Embora os algoritmos criptográficos sejam hoje em dia impossíveis de quebrar graças à multiplicidade de chaves possíveis, as palavras-passe utilizadas são os elos fracos dos actuais sistemas de encriptação. Por um lado, um ser humano tem geralmente de ser capaz de se lembrar da palavra-passe; por outro, tem de ser introduzida e outras pessoas ou programas podem escutar à medida que isto acontece.
Há várias maneiras de identificar uma palavra-passe:
Escutas, espionagem, chantagem e truques são todos bons métodos para obter a posse directa de uma palavra-passe. Os métodos técnicos só podem fornecer protecção em casos isolados. Neste contexto, tudo depende de o utilizador ser cuidadoso.
A adivinhação é possível assim que o perpetrador conheça bem o utilizador e se a palavra-passe foi escolhida sem os cuidados necessários. Os erros típicos neste contexto são os nomes de parceiros, crianças e animais de estimação ou também números de telefone e aniversários como palavras-passe.
Julgamento e erro. A língua alemã, por exemplo, cobre aproximadamente 300.000-500.000 palavras. O dicionário Duden inclui 120.000 palavras-chave. O poeta Goethe usou cerca de 80.000 palavras. Uma pessoa "normal" utiliza um máximo de 10.000 palavras. O jornal popular alemão Bild usa 1.500 palavras. Se uma simples palavra for escolhida como palavra-chave, há uma grande probabilidade de poder ser identificada após algumas centenas de milhares de tentativas, trabalhando simplesmente através de todas estas palavras - não há problema se se utilizar um computador.
A biblioteca integrada no Steganos Safe avisa-o se a palavra-passe escolhida for facilmente decifrável, comparando-a com mais de meio milhão de entradas. São necessários cerca de 0,3 segundos para verificar uma palavra-passe (P4 3GHz): por outras palavras, três palavras-passe por segundo. Assim, por exemplo, se utilizar uma palavra do jornal Bild, ela pode ser identificada num máximo de 500 segundos, ou seja, pouco mais de 9 minutos, se o perpetrador tiver os meios técnicos para automatizar este processo.
Se quaisquer quatro caracteres (letras maiúsculas e minúsculas e números) forem combinados aleatoriamente, isto resultará em mais de 14 milhões de possibilidades. Um computador precisaria de 57 dias para os experimentar a todos. Isto pode, no entanto, ser acelerado utilizando mais e mais computadores. No caso de 8 caracteres aleatórios, um computador precisaria de mais de 2 milhões de anos. Para além desta capacidade significativa do computador, seria necessário reduzir isto a um período de tempo mais manejável.
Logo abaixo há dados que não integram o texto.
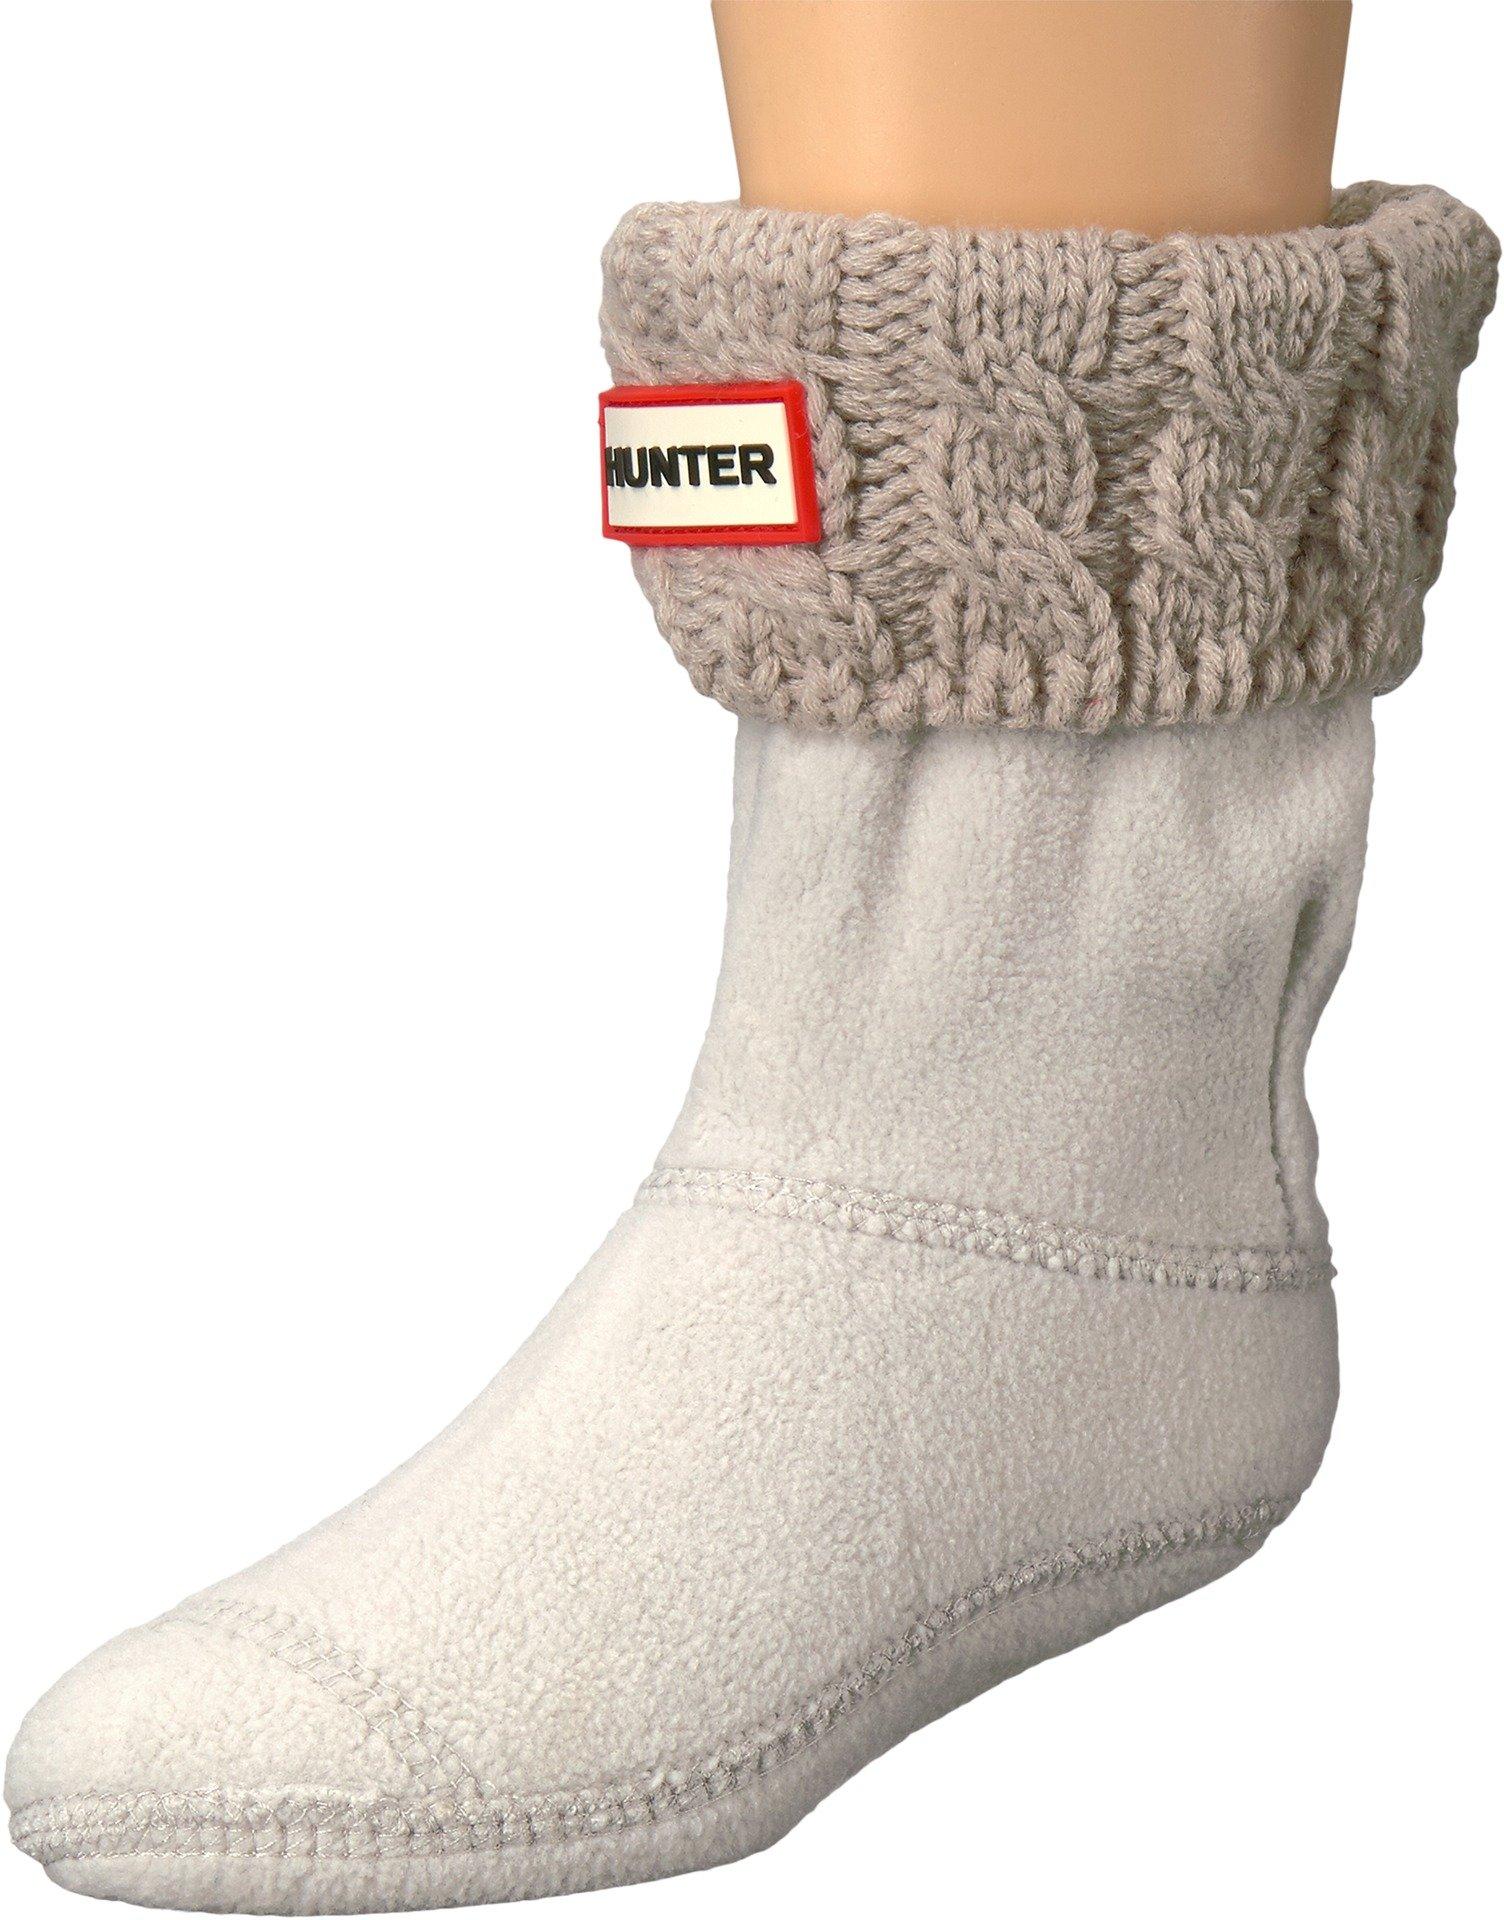 Hunter Girls' Kids 6stitch Cable Sock, Greige, 5 Infant

Ao seleccionar uma palavra-passe deve primeiro ter em consideração de quem se quer proteger. Se quiser proteger os seus segredos pessoais privados, os requisitos de qualidade da palavra-passe serão inferiores aos de uma empresa, onde os dados poderão eventualmente ter de ser protegidos de pessoal com conhecimentos de TI ou de espiões industriais. Os requisitos são, obviamente, ainda mais elevados se agências governamentais ou serviços secretos tiverem de ser impedidos de ter acesso aos dados.
Existem várias estratégias para gerar boas senhas. A melhor é utilizar um gerador de senhas para criar uma senha que consiste num mínimo de 10 caracteres; estes, por sua vez, devem ser seleccionados de pelo menos 62 caracteres diferentes (os caracteres maiúsculos e minúsculos do alfabeto alemão mais os números 0 a 9). O problema a este respeito é, evidentemente, a memorização da palavra-passe. Salvá-la ou anotá-la é apenas de ajuda limitada: mesmo que se utilize um gestor de palavra-passe, ainda é necessária uma palavra-passe segura para aceder à mesma - a palavra-passe mais segura do mundo é inútil se for escrita num pedaço de papel deitado ao lado do teclado. Se, contudo, não for esse o caso, então um gestor de senhas pode fornecer um método fácil e seguro de criar e administrar um número infinito de senhas altamente seguras, e, se desejar, até mesmo de as utilizar automaticamente.
As abreviaturas das frases são um bom compromisso entre segurança e capacidade de memorização. Afsaagcbsabatr seria, por exemplo, o resultado da frase anterior. Isto também deveria produzir pelo menos 10 caracteres. Se, além disso, caracteres individuais forem substituídos por números ou caracteres especiais, por exemplo "E" por "8" (oito) ou "f" por ? (ponto de interrogação), isto resultará numa boa palavra-passe que é simples de lembrar.